Gözlerimi yavaşça açtım ve başımı da yasladığım camdan çektim. Ayağa kalmaya kendime zorladım. Belime giren acıyla inledim. Gerçi her tarafım acıyordu. Tırnak uçlarımdan saçımın tek teline kadar desem abartmış ve yalan söylemiş olmazdım. Aynaya doğru ilerledim. Küçük bir odadaydım ve ayna hemen kapının karşısında kolonda asılıydı. Aynanın altında da küçük bir lavabo vardı. Aynanın karşısında durdum ve ellerimdeki kurumuş kanları temizlemeye çalıştım. Temizlediğimi düşündüğümde yanındaki havluyla kuruladım ellerimi. Havlunun yanında asılan tarağı ellerime aldığımda aynanan kendime baktım.
Her gün böyle oluyordu işte. O gidiyordu ve ben aynanın karşısında bıraktığı yıkıma bakıyordum. Yarattığı enkaza saatlerce izliyordum ve kendime acıyordum sadece. Yapabileceğim hiçbir şey yoktu. Daha fazla mücadele edecek gücüm yoktu. Kabullenmiş gibi gösteriyordum ama aslında kalbim bu durumu kabullenmemişti. Kalbim kabullenmek istemiyordu. Aklım ise bunun kurtuluşu yok deyip beni inandırmaya çalışıyordu. Aklım ile kalbim arasında sıkışmış durumdaydım.

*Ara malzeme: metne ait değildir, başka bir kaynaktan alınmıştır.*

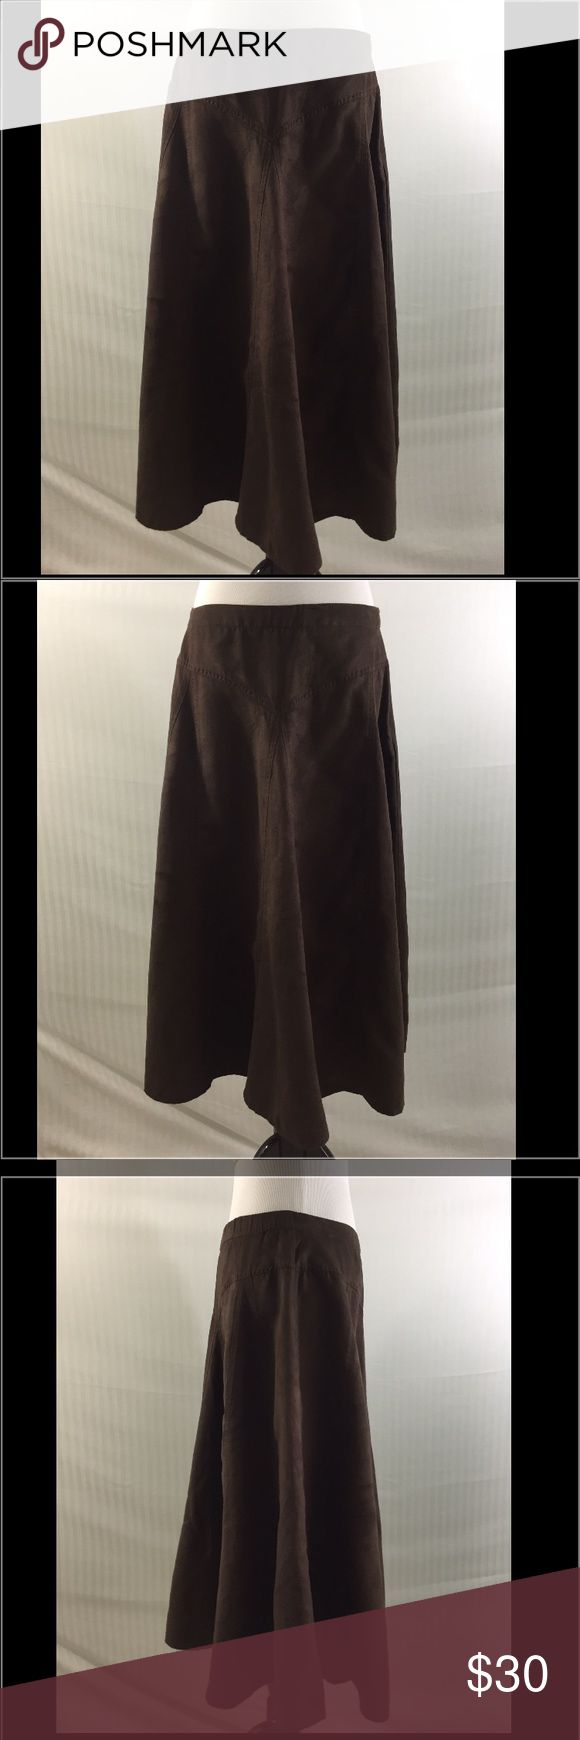 Coldwater Creek NWT Medium Brown Skirt Coldwater Creek NWT Size Medium Brown Crinkle Faux Chamois Skirt Coldwater Creek Skirts
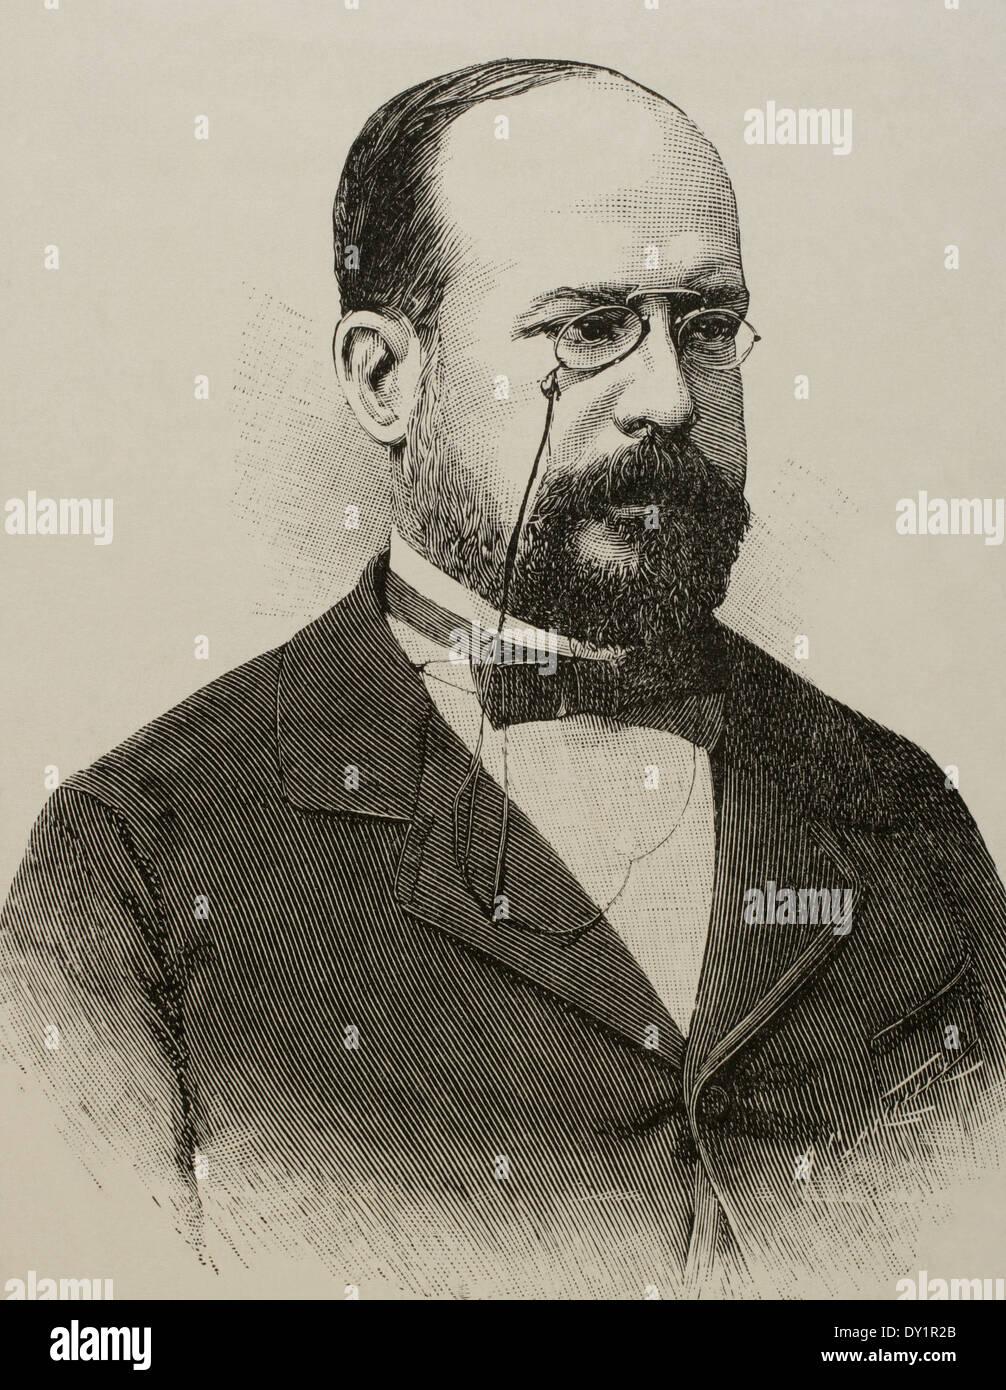 Eduardo Leon y Ortiz (19. Jahrhundert). Spanisch-Professorin an der Fakultät der Universidad Central. Stockbild

Sarı saçlarım ensemin bir tık altına düşüyordu. Gözlerimdeki yeşiller artık hüzüne bulaşmıştı. Geri, eski haline dönmesi imkansızdı. O gözler en son mutlulukla gülümsediğinde ben henüz 10 yaşındaydım. Şimdi ise sadece yalancıktan gülümsüyordum.
Onun için...
Uzun kirbiklerim ağlamaktan kurumuştu. Dudağım az önceki harabeden yüzünden patlamış kanı boynuma doğru akmış, kurumuştu. Üstümde yırtılan beyaz elbiseyi ve iç çamaşırlarımı hızlıca çıkardım ve hemen kapının sol tarafında olan perdelerle yaptığım duş kabini gibi olan yere girdim. Suyu buz gibi ayarladıktan sonra hiç tereddüt etmeden başımdan aşağıya akıttım. Yaralarım daha çok acıyordu ama onun küçük beden için yapmalıydım. Beni böyle kötü görüp etkilenmemesi için bunu yapmalıydım. Hemen duş aldığım yerin karşısındaki aynaya baktım. Her yere ayna koymuştu. Sanki dalga geçer gibi bir de şey diyiyordu: Bu güzelliği hep görmen için koydum. Bu güzelliğin yüzünden bunları yaşıyorsun.Aynanın yanındaki havlu ile kuruladım ve yeni aldığı iç çamaşırları istemeden giydim. Onun aldığı, daha doğrusu onun olan hiçbir şeyi üstümde olmasını istemiyordum. Ve iç çamaşırların yanındaki elbiseyi elime aldım, altında da not yazıyordu.
ŞİMDİ OKUDUĞUN
LAMİHA
ChickLit"Lamiha..." dedi gözleri gözlermdeyken. Eli yanağımda gezinirken o farketmeden avucunun sıcaklığı kalbimi aşkla yakıyordu. "O ne demek?" dedim dudaklarına fısıldadım. Gözleri gözlerimi yakıyordu. Kalbimin yangını sönmemişti ve alevlendirmek isterc...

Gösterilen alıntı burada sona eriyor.